Trade6 – 40% of heap is strings.  Many dup’d strings & many unused literals.  Unused literals – due to error messaes for error paths never taken.  (but I suspect unused literals are not important for Azul because their count is fixed with the application and does not scale with heap size).  For Trade6 – about 1/2 of heap strings are wasted – 1/4 are dups and 1/4 are wasted in fragmentation.  Azul does not suffer fragmentation because we don’t share string bodies.

He proposes interning strings during GC (but this changes semantics ever so slightly – things that were not “==” before become “==” afterwards.  Have a “tenured string” hash table – long lived strings go also into this table; then young-gen strings can be checked against the table by GC.  Most of the experts in the audience want to claim that the change is ok – no self-respecting Java program will be broken by this change (myself included, but I don’t want to put words in other peoples’ mouths).

Note that Azul has already rewritten the String implementation to remove the offset & count fields and we don’t share String bodies.  This hack LOWERED our average String footprint by maybe 10% and brought us a similar speedup (10% smaller heap footprint means 10% smaller working set means 10% more effective D-cache usage, etc).

They also hacked the VM to deal with the large count of unused literals.  Make a special version of String which holds the constant-pool index and a null char array.  When exploding on the null-char-array access they look for this special String & lazily make the body as needed.  Removes ~20,000 string literals from Trade6.  But note he is using tiny heaps – and the literals will not scale with heap-size, but the dup’d strings will.

When run on SpecJVM98, DB becomes vastly faster but no change on the other benchmarks.  Reduces live heap on DaCapo by 10% of heap.  For Trade6 & Tuscany reduce live heap by 20%.

========
Analyzing the Perfomance of Code-Copying Virtual Machines

Interesting hack to speed up interpreter-only languages.

========
Performance of translated COBOL programs on a JVM

Some things translate nicely; can make all COBOL variables Java instance variables for thread-safety.  COBOL divisions become Java classes, etc.  COBOL “picture” clause specifies amount of storage to be allocated, but mostly has direct translation to e.g. Java’s BigDecimal class or fixed-length Strings. 

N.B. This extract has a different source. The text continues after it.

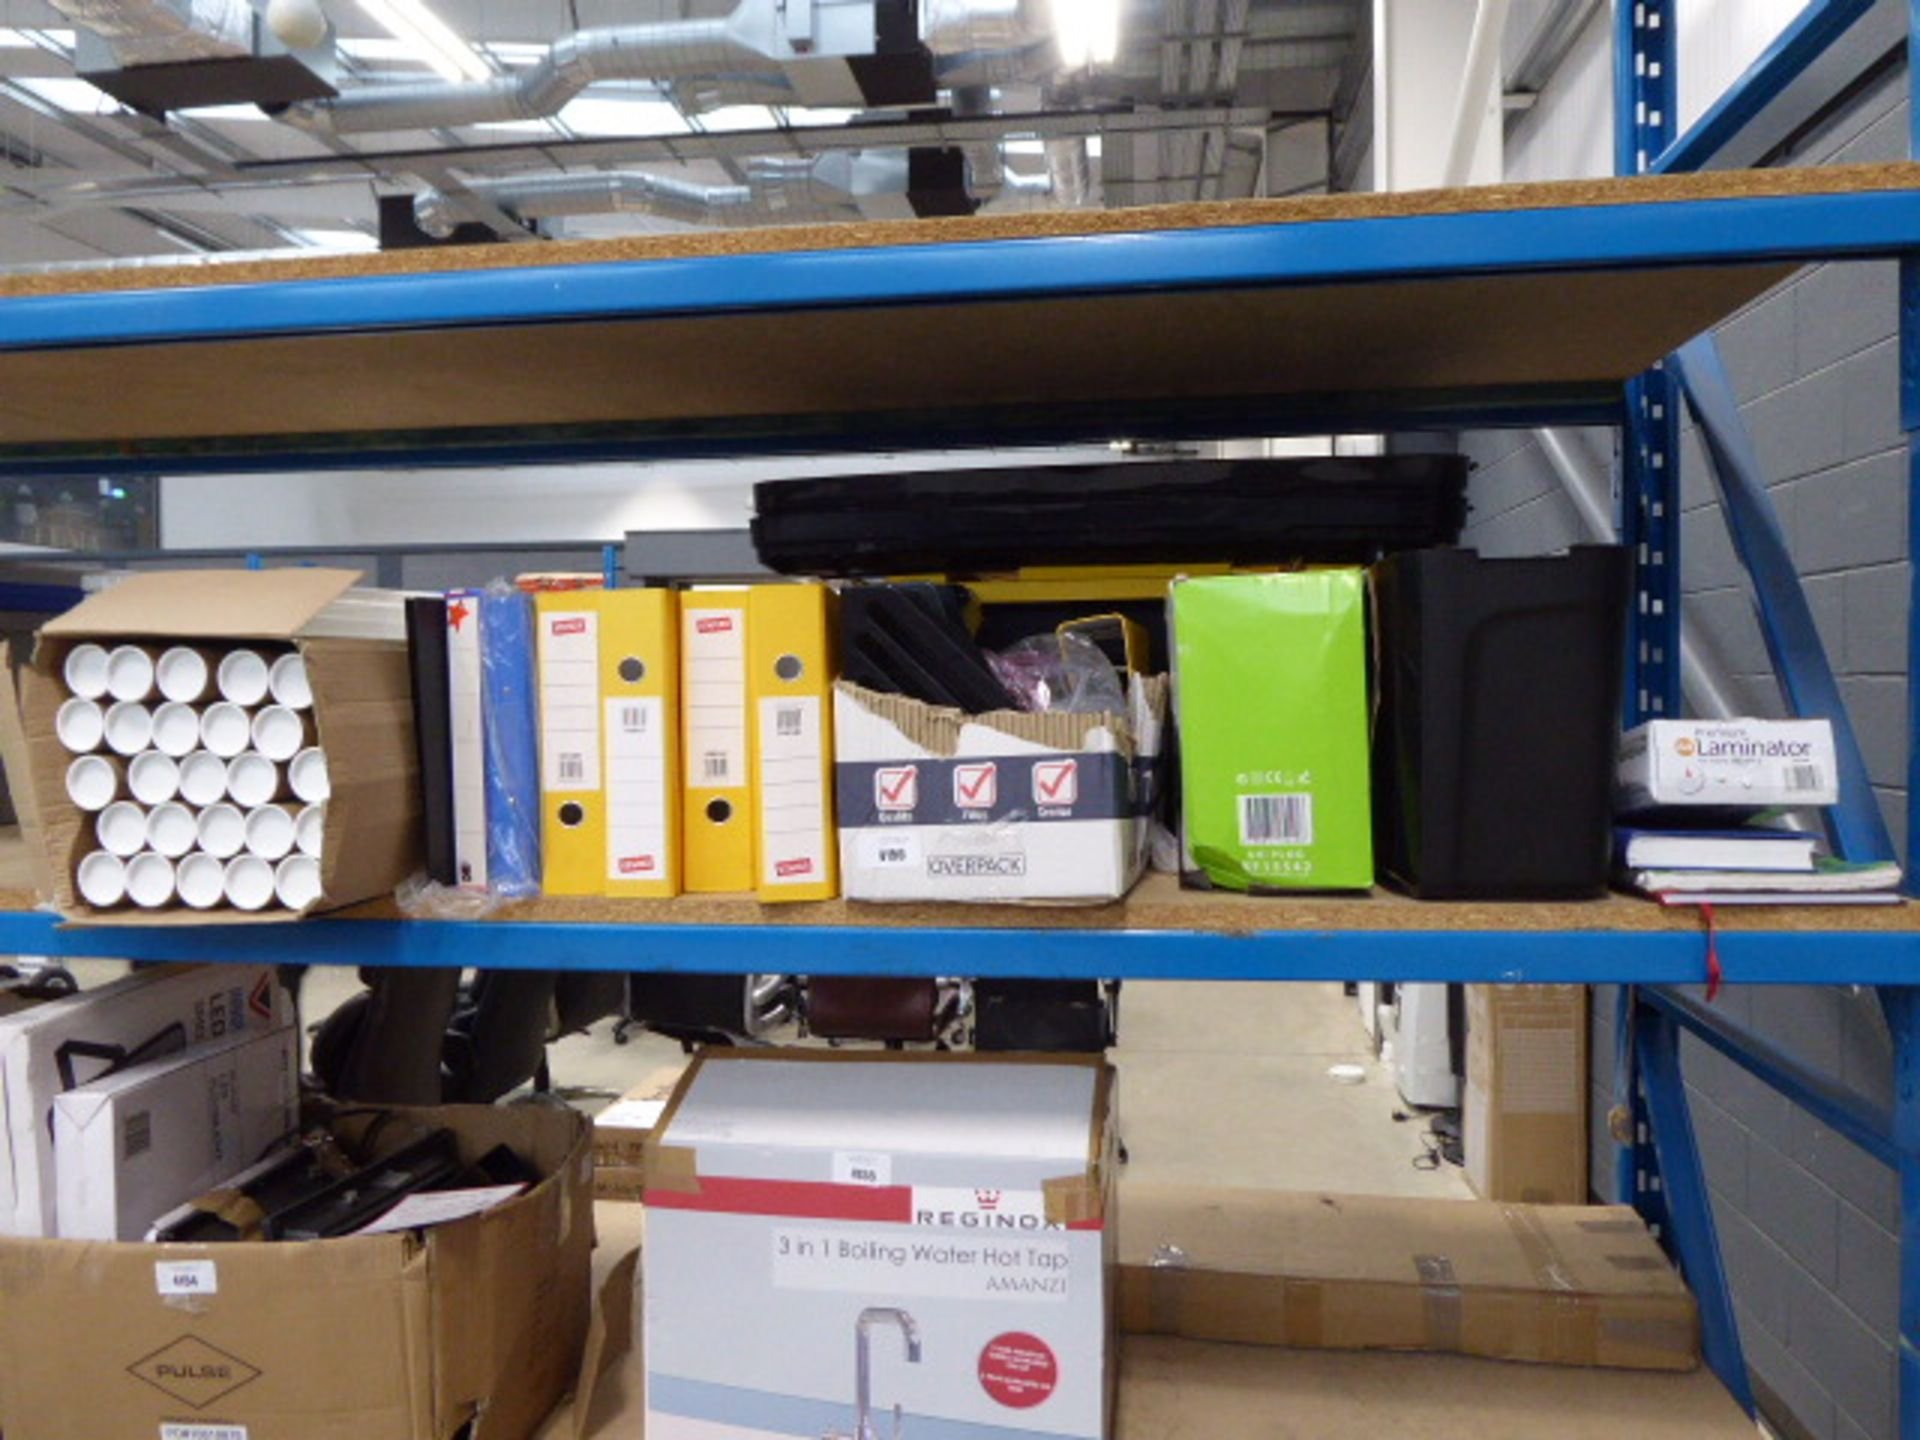 Half shelf of assorted stationary

Can specify arrays-of-structs in COBOL; again fairly easy to make a Java struct array and fill in all structures (but lots of wasted space for Java object headers).  Actually seeing lots of wastage – gives 7x space blowup example.  Seeing vast wastage in practice.

Can ‘#include’ COBOL header files, often done for just one or two fields in the header.  But must eagerly construct all defined storage space. 

COBOL subroutines include “open” and “closed” (normal) subroutines; open subroutines tend to be translated as ending with exception throws – result is most subroutines end in an exception throw.

Opt 1: share common init’d String, essentially interning all Strings of blanks. 

Opt 2: Same thing for BigDecimal for value zero but with different scale/decimal-point values.  Instead just return a common cached version.

Opt 3: All internal fields of structs & arrays are lazily constructed.  Use getters/settings, and get’ers lazily convert null’s to real storage only if asked for – for each array element or field value.

Opt 4: Remove extra throws; notice when calls just return normally and allow callee to just return.

Opt 5: Translator by default uses a lot of reflection, they now make class-specific versions of many things to avoid reflection.

Opt 6: Lots of time/date String manipulation.  So made some custom date/string conversion functions to match the specific COBOL requirements instead of using the default Java Date-conversion libs.

Overall, seeing 10-20% perf improvement, with nearly 75% of objects no longer being allocated.